Question:
Multiple producers with a single consumer, is there a way to ensure that the demand is spreaded across all producers ?
to be more detailed, we have the following stages pipeline:
[A] - [B] - [C]
Stage A … a variable number of instances, processing incoming data
Stage B … a single instance, think of a collector, shall distribute demand across producers, caching demands
Stage C … a variable number of instances which do the actual processing
I would like to implement stage [A] as a producer, but didn’t find any hint the GenStage source where the consumer may spread the demand across multiple producers.
or
Another way would be to implement stage [A] simply as GenServer instances and manage to spread the demand across them in stage [B], which will then be only a “producer”.
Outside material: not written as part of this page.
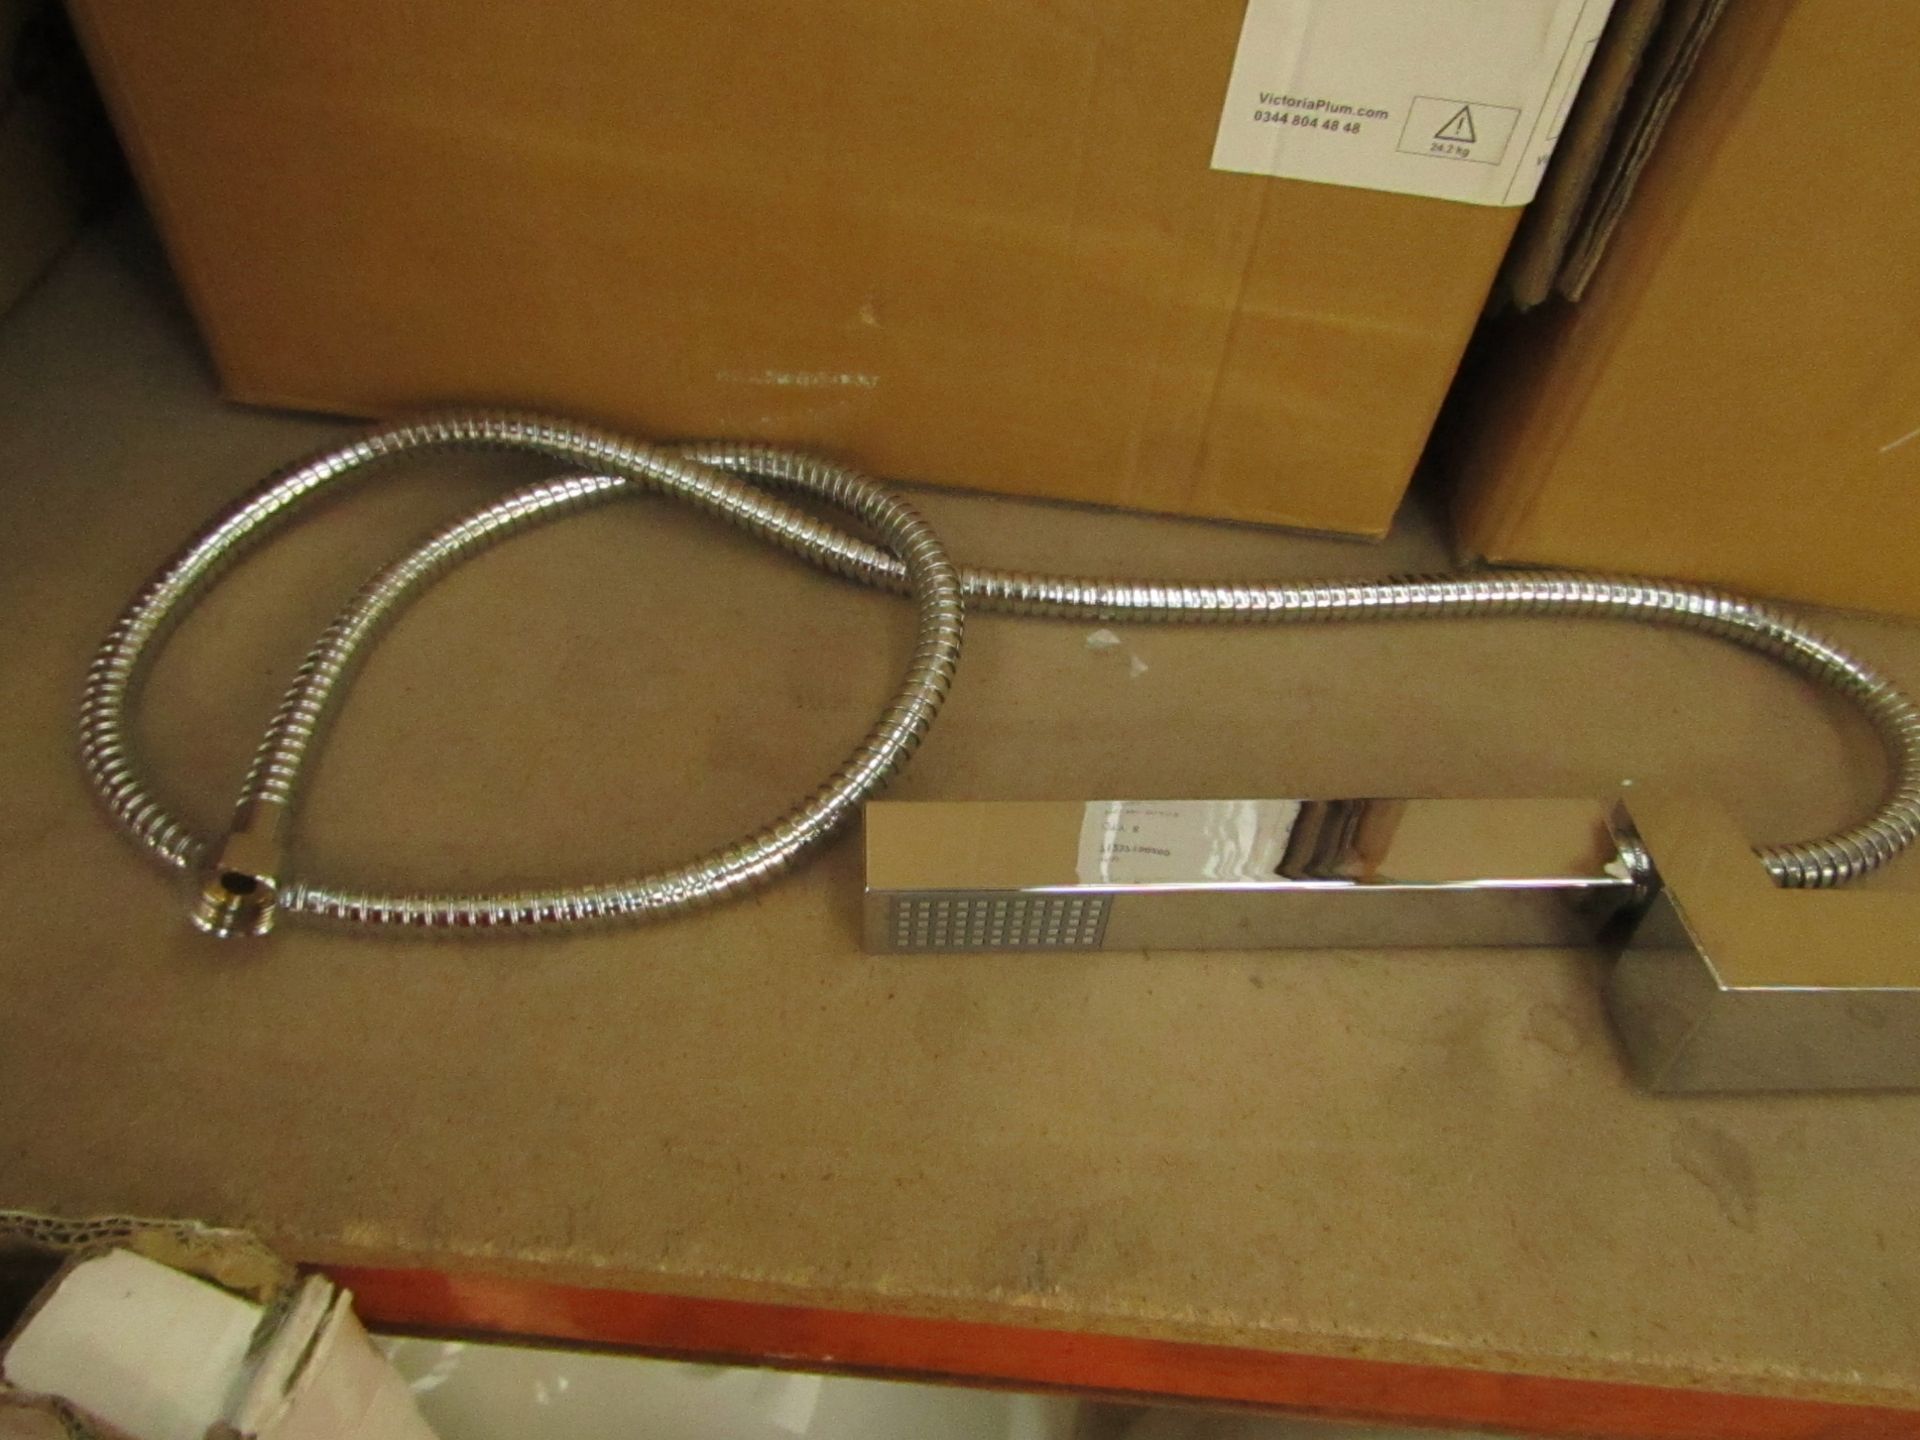 Square hand shower head with wall bracket & shower hose. All new in packaging.

You can control the demand from the producer but you can control how often you ask from consumers (B and C) by implementing the handle_subcribe/handle_cancel callbacks and setting the demand mode to :manual.
@josevalim thx for the fast (very fast ;-)) reply, it wasn’t very clear to me, but now it is, I’ve overseen that the handle_subscribe callback is called on both sides, consumer and producer.
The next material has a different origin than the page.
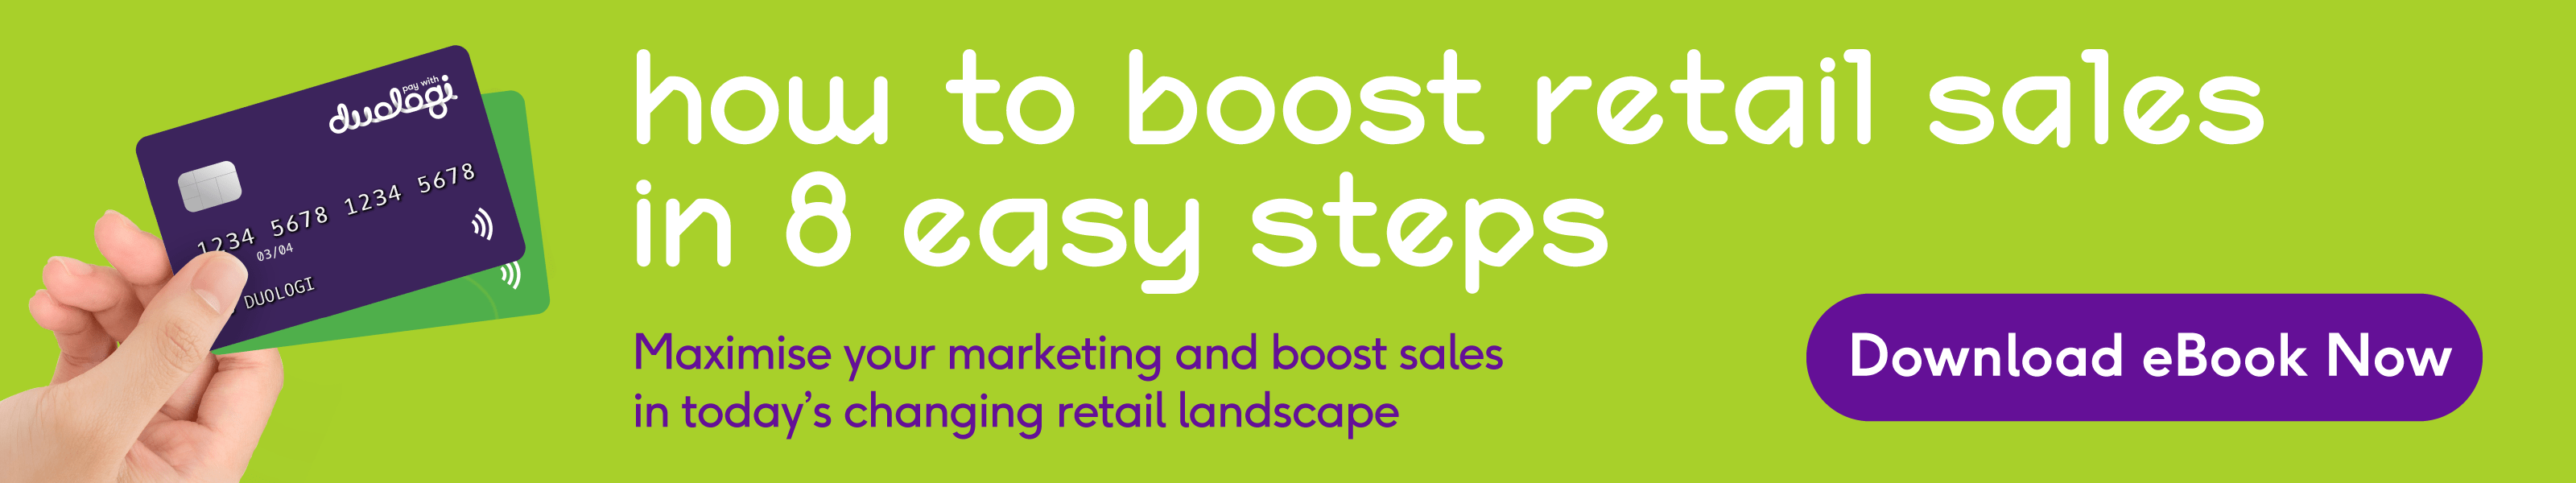 How to Boost Retail Sales in 8 Easy Steps - Download eBook Now

But in the case stage B is set to :manual, I see no way for stage B to determine if there exists demands from stage C. In the case stage C is busy, no demand, stage B shall stop asking stage A (there could be more then 1, which shall be asked round-robin alike) for events to prevent buffer overflow. In the case there is demand from stage C, stage B shall ask for events …
I’m wondering if it would be better to let the pipeline start at stage B (B would be a :producer) and the original stage A would be implemented as simple GenServer(s), registering to stage B (the new start of the pipeline) and stage B requests events from them in the handle_demand method.
I have a project where a producer connects to an external websocket API and that API streams more data than a single producer can handle.
I’m manually creating separate producers for different endpoints of the API, but it’s a bit cumbersome and I’m looking for a cleaner way to distribute the incoming demand, ideally in such a way that I don’t need to manually measure how busy each endpoint is.
That one appears to be about ordering events produced by different producers.
My question is making sure the producer can handle the volume of data streaming in from the external API. (Ideally via running concurrent copies of the same producer, if that is feasible)